BEGIN DATASET EXTRACT

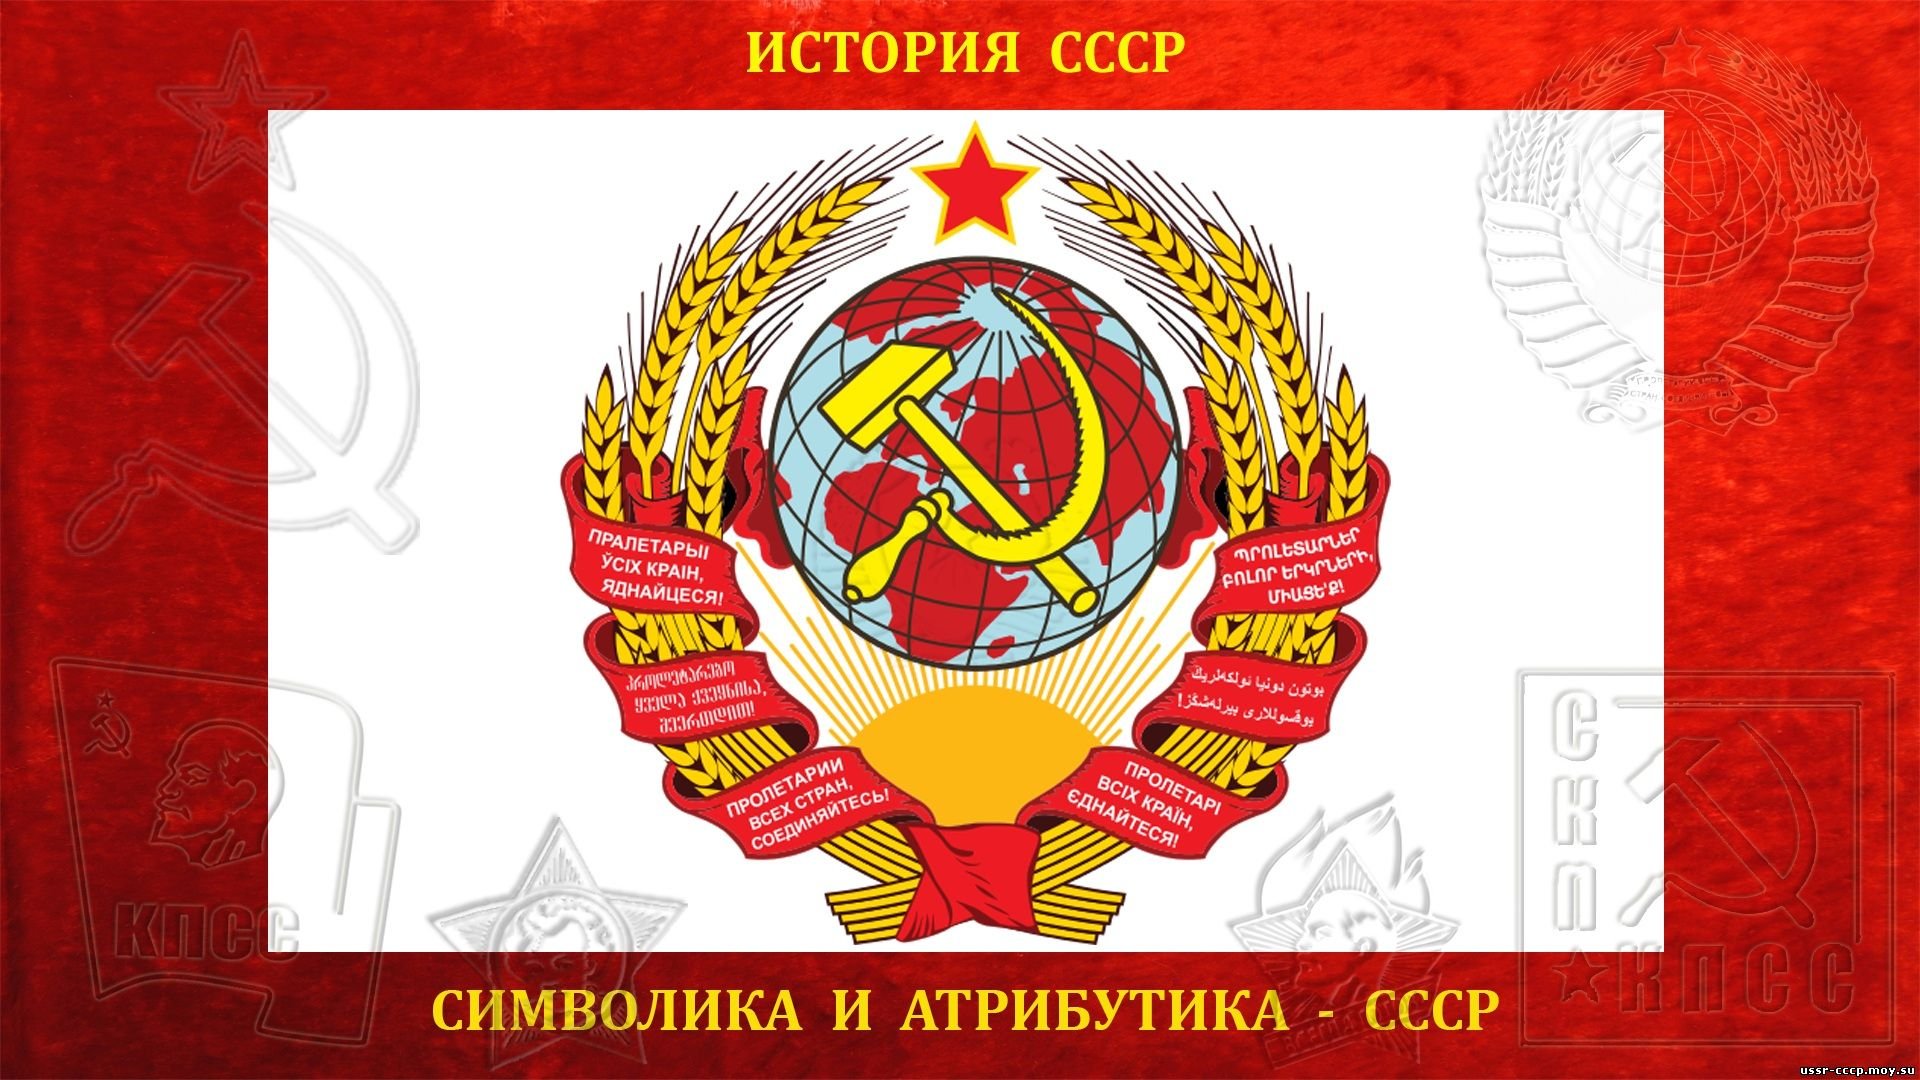 В каком году состоялся советский союз. Первый герб СССР 1922. Первый герб СССР 1924. Гербы СССР 1923-1991. Герб СССР образца 1923 года.
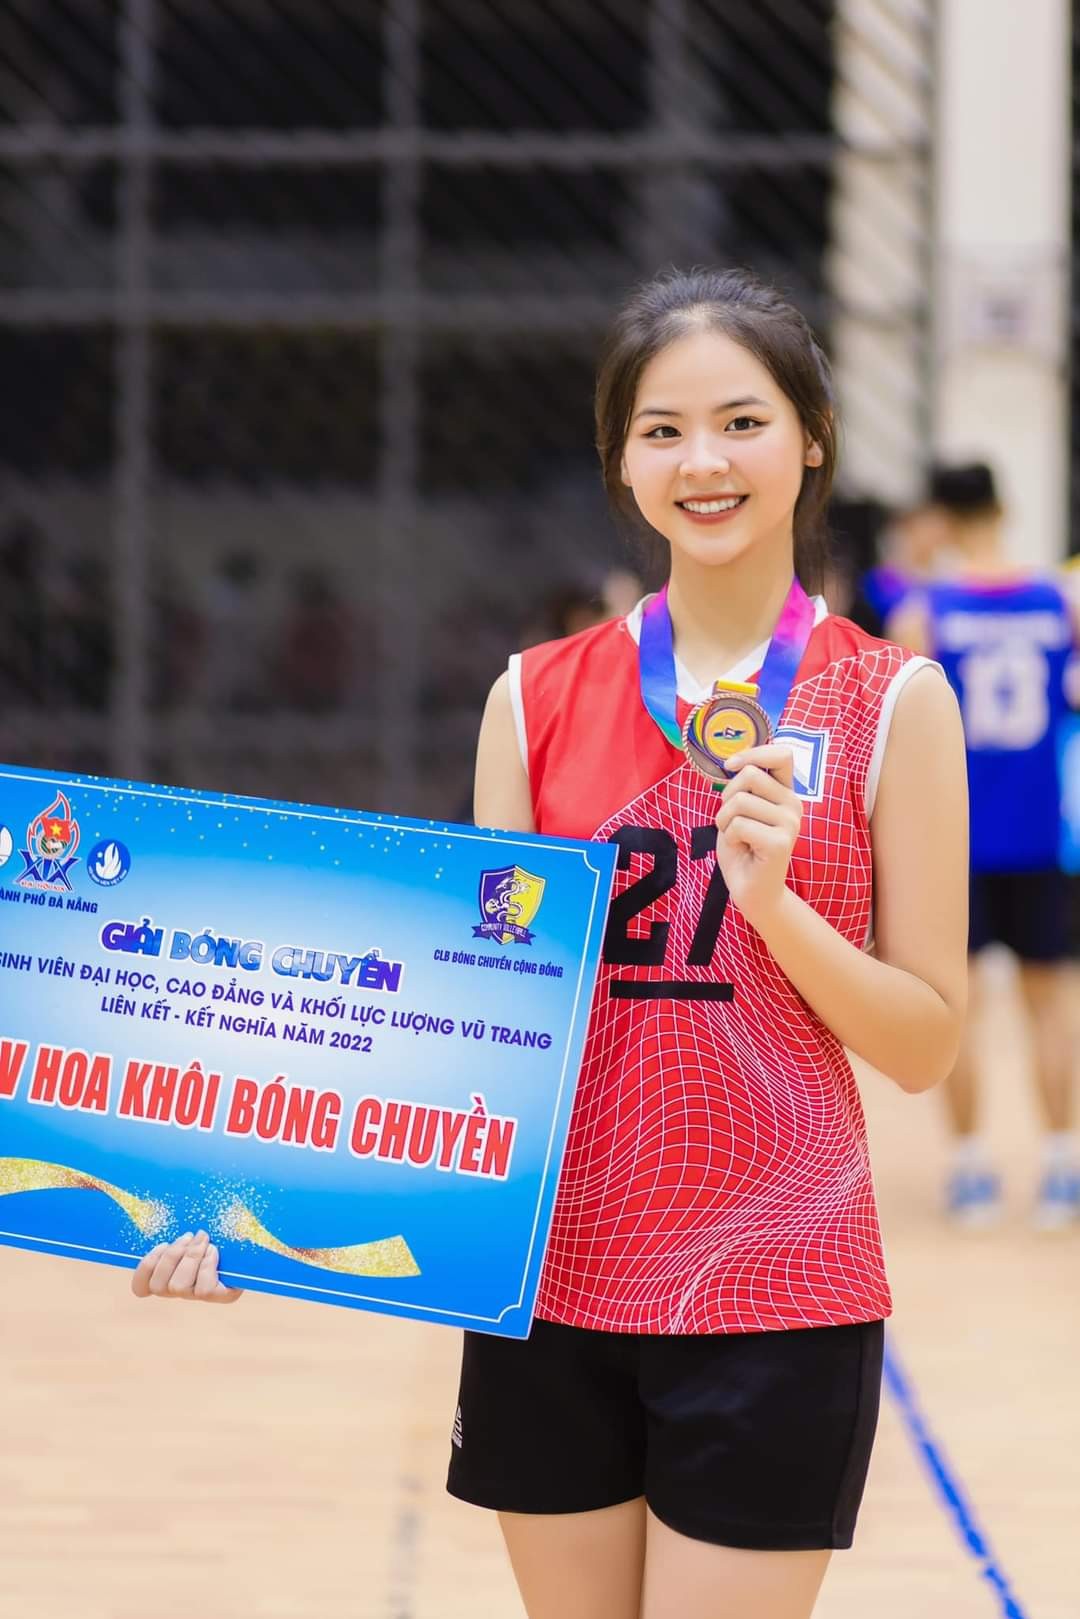 Mặc dù không trưởng thành từ các CLB bóng chuyền chuyên nghiệp, nhưng cái tên Ngân Hà đã vang danh tại Đà Nẵng không chỉ là tài năng mà còn vì nhan sắc xinh đẹp, trong trẻo. (Ảnh: FBNV)
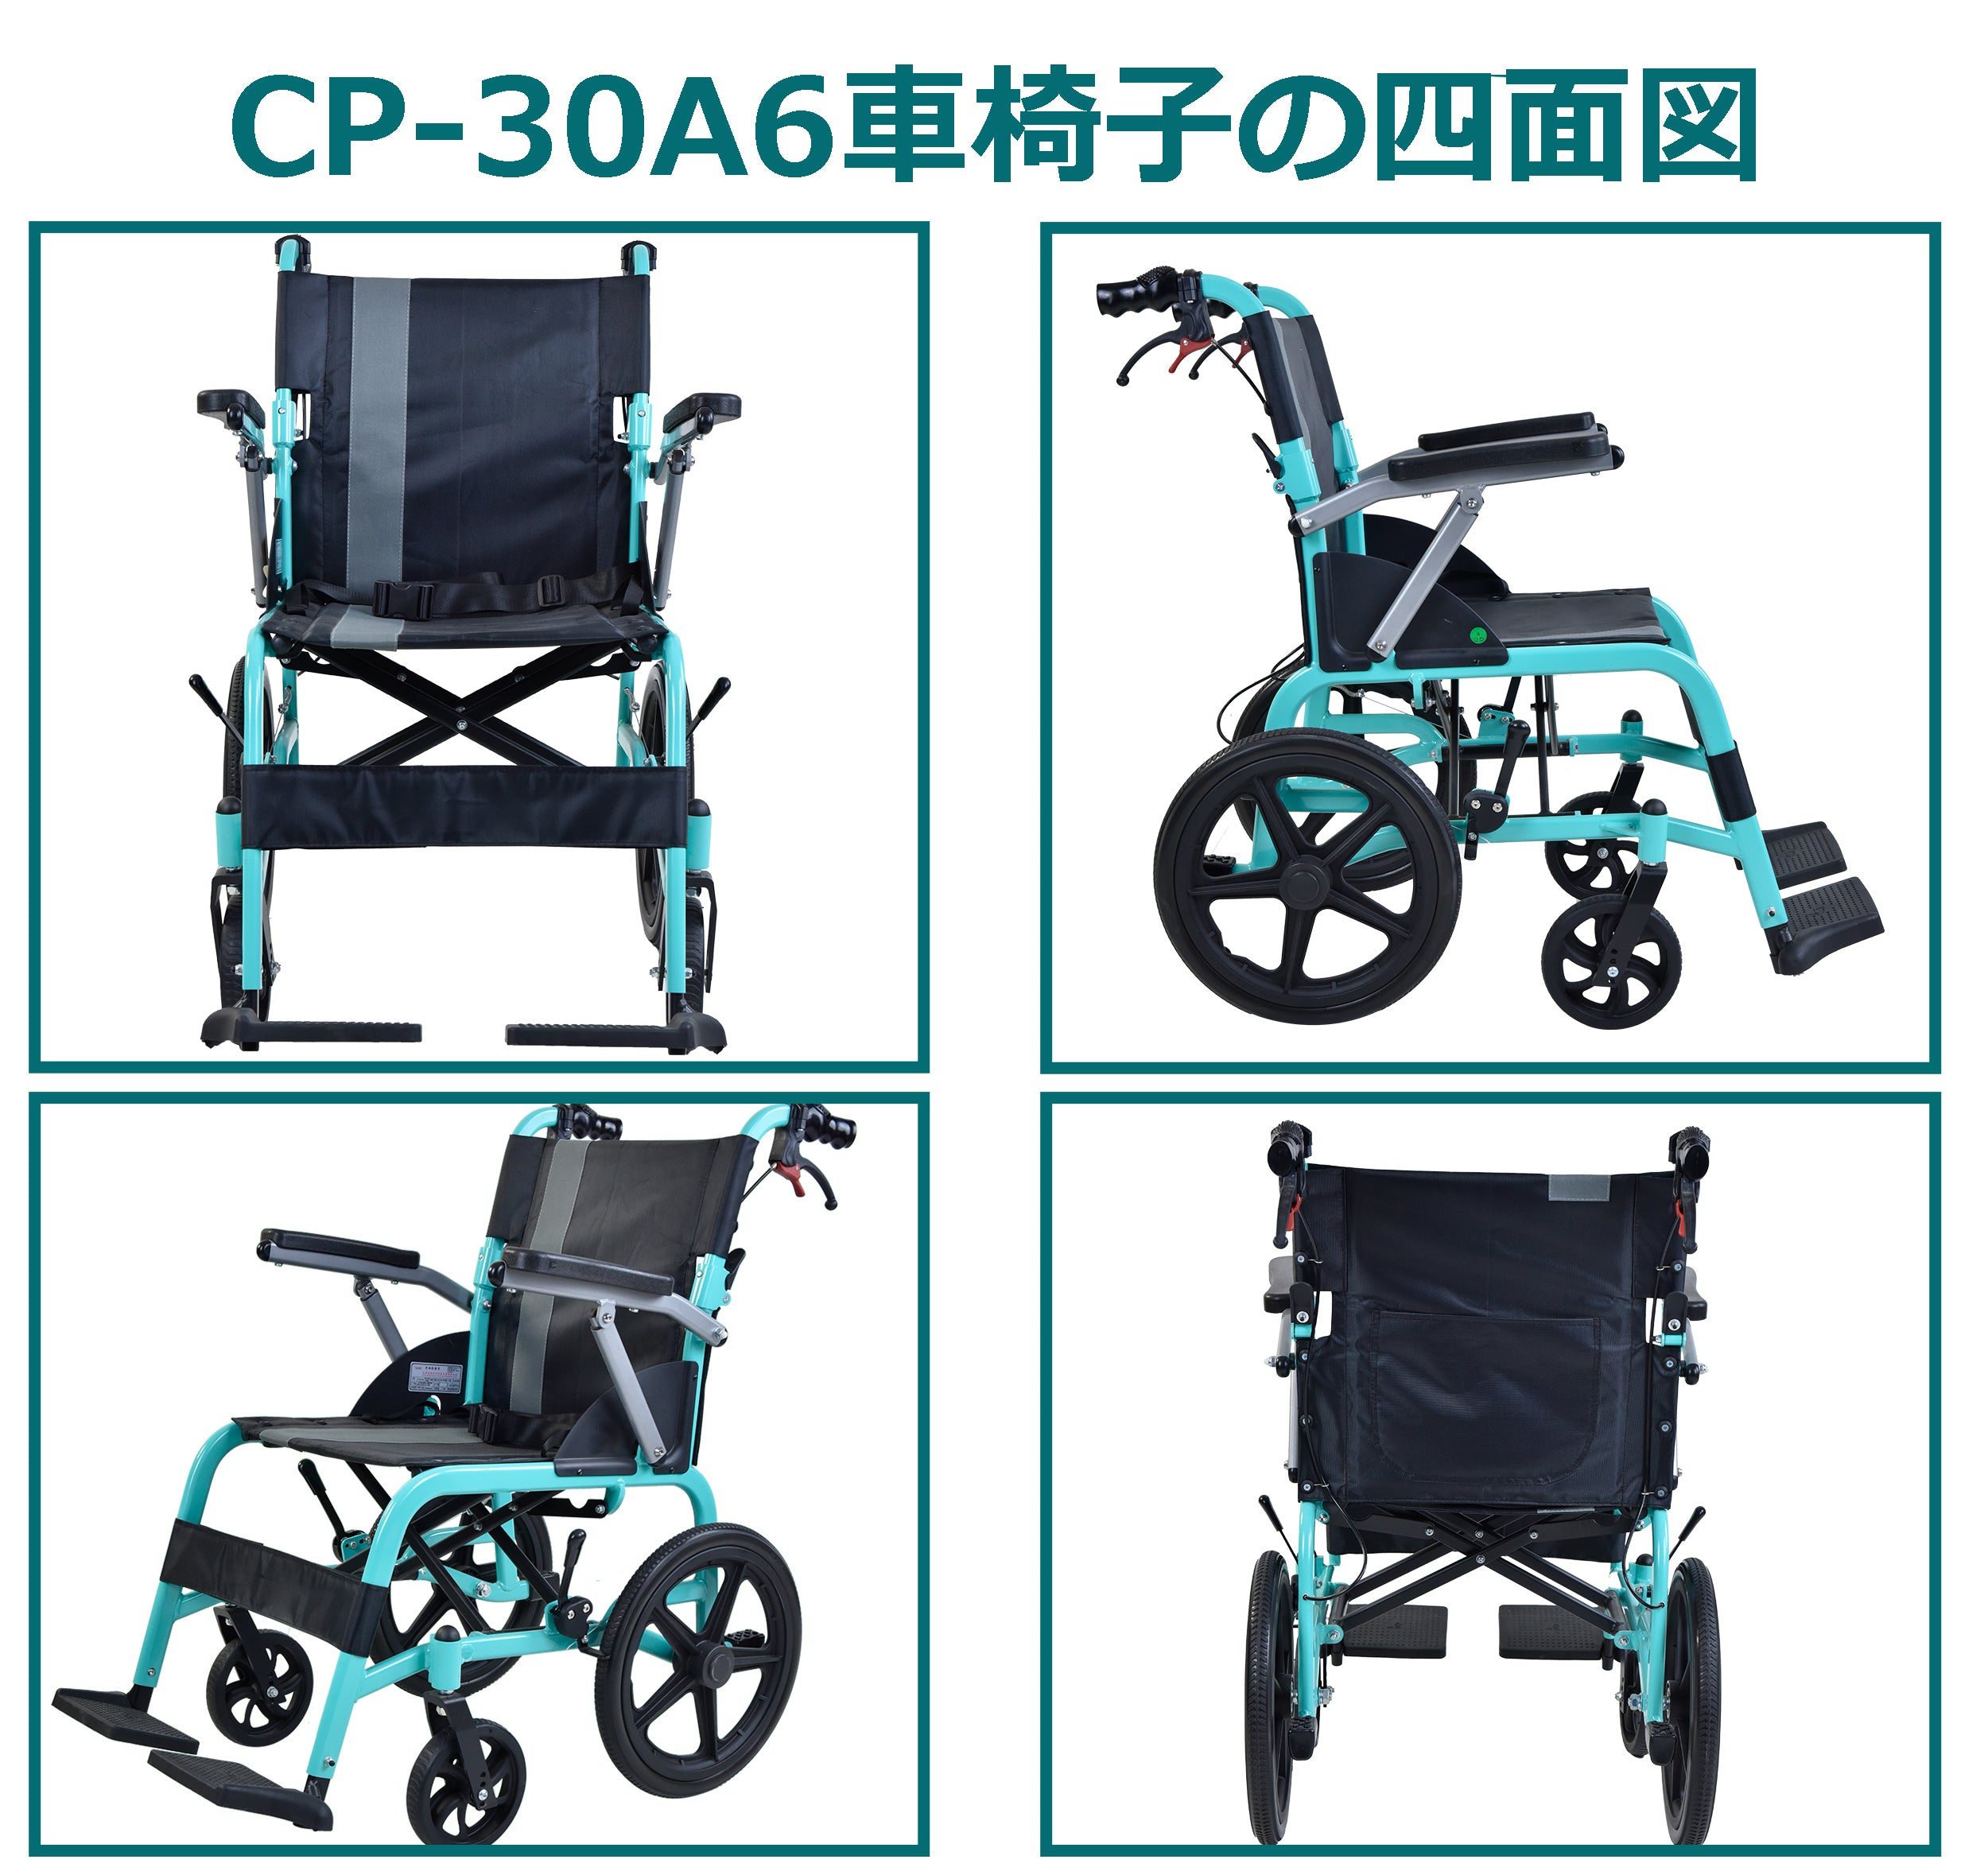 Care-Parents 介助型車椅子 折りたたみ車イス 手押し軽量車椅子外出用 ブルー(CP-30A6)

END DATASET EXTRACT

**ACTIVITY**
Return each of the lines exactly as they appear above, with no images.

**ANSWER BOX**
 В каком году состоялся советский союз. Первый герб СССР 1922. Первый герб СССР 1924. Гербы СССР 1923-1991. Герб СССР образца 1923 года.
 Mặc dù không trưởng thành từ các CLB bóng chuyền chuyên nghiệp, nhưng cái tên Ngân Hà đã vang danh tại Đà Nẵng không chỉ là tài năng mà còn vì nhan sắc xinh đẹp, trong trẻo. (Ảnh: FBNV)
 Care-Parents 介助型車椅子 折りたたみ車イス 手押し軽量車椅子外出用 ブルー(CP-30A6)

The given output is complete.